Photos and story by Martin Chang

On August 7th, many poets performed to a full room at the open mic at Dagneys.  Above, a sampling of poets are pictured, below a little bit about each of them is explained.

Ebone King read her poetry about relationships. A mother of one, she calls her poetry “my art, my life, my feelings.” At first she didn’t know she was writing poetry. “It started out as me just writing down the things that I had been through, the things that I have seen.  Then someone picked up a letter and said, “this is a poem” and I said no it’s just me writing my thoughts,” she said.

She discovered these writing didn’t take a lot to become poetry.

She said, “I threw in a word here and there and suddenly it was a story.”

King calls her writing a “coping skill.” “Sometimes there’s an inability to express yourself, but nobody listens better than pen and paper.”

Another poet who read that night, Carley Tolomei, gets a similar catharsis from her writing. “Nobody understands me like I understand myself, I’m my own therapist. I didn’t know how to portray the emotions that I was feeling to other people. I really wanted that, I was wringing my hair out.
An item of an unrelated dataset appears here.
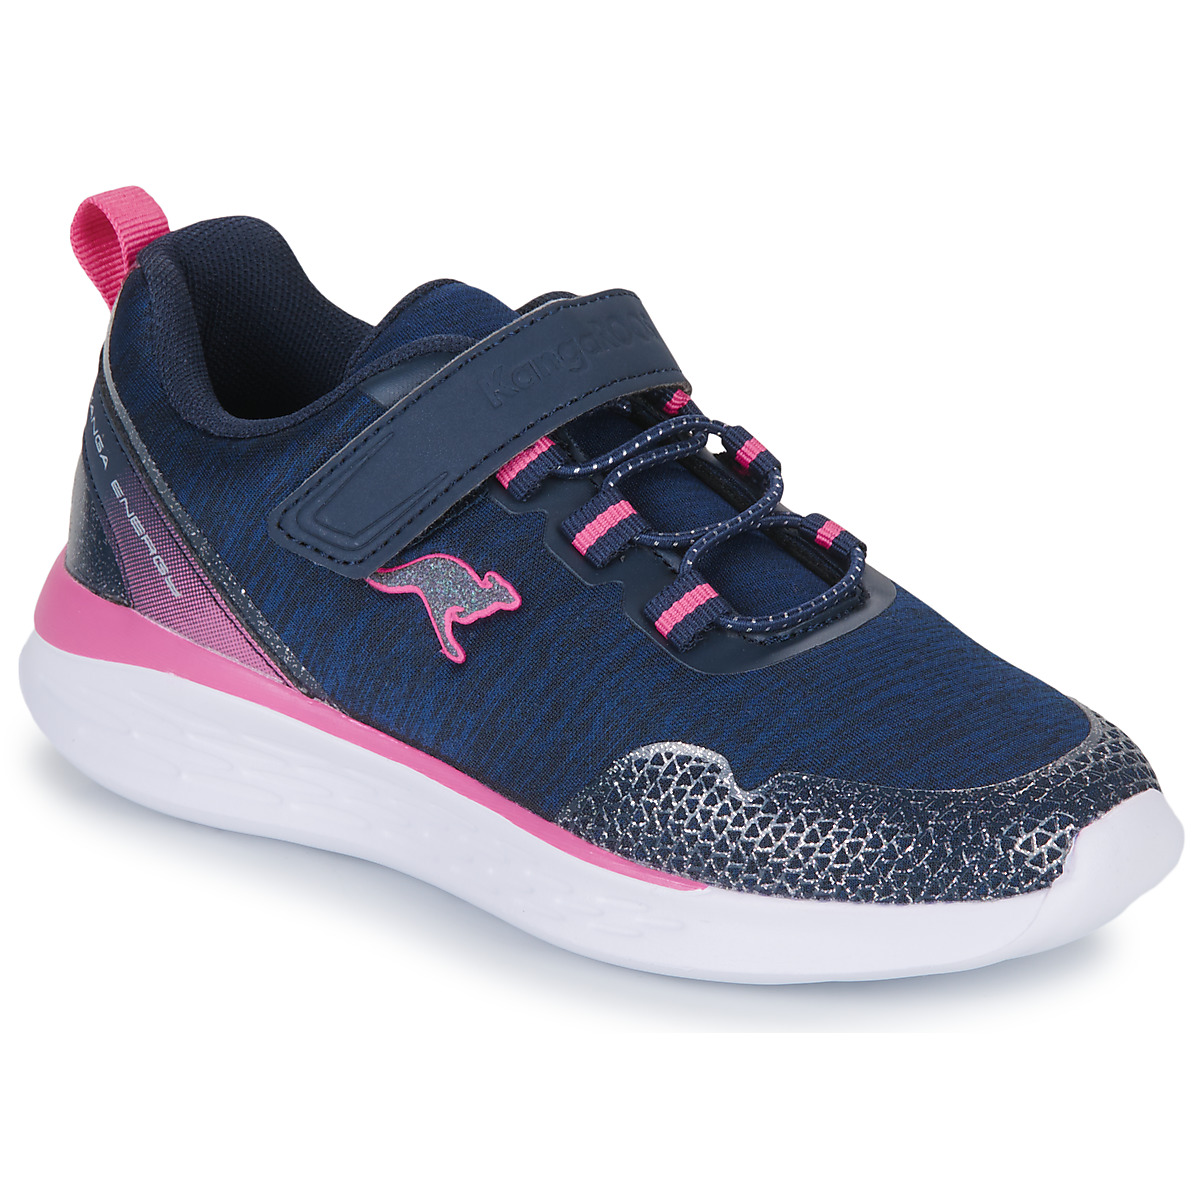 Cipők Lány Rövid szárú edzőcipők Kangaroos KQ-FLEET II EV Tengerész / Rózsaszín

When I started doing poetry, it helped me to do that.” Tolomei’s poetry also started out as just writing in her journal.

Kai Chu read a poem by Lao-tzu, an ancient Chinese sage.  He has a passion for Chinese language and culture. He read the poem in order to share with the young people “a different kind of poetry.”

Benjamin Dunham graduated in  political science at Colorado Mesa University. He calls his poetry a “maelstrom in the mind that I cannot escape.”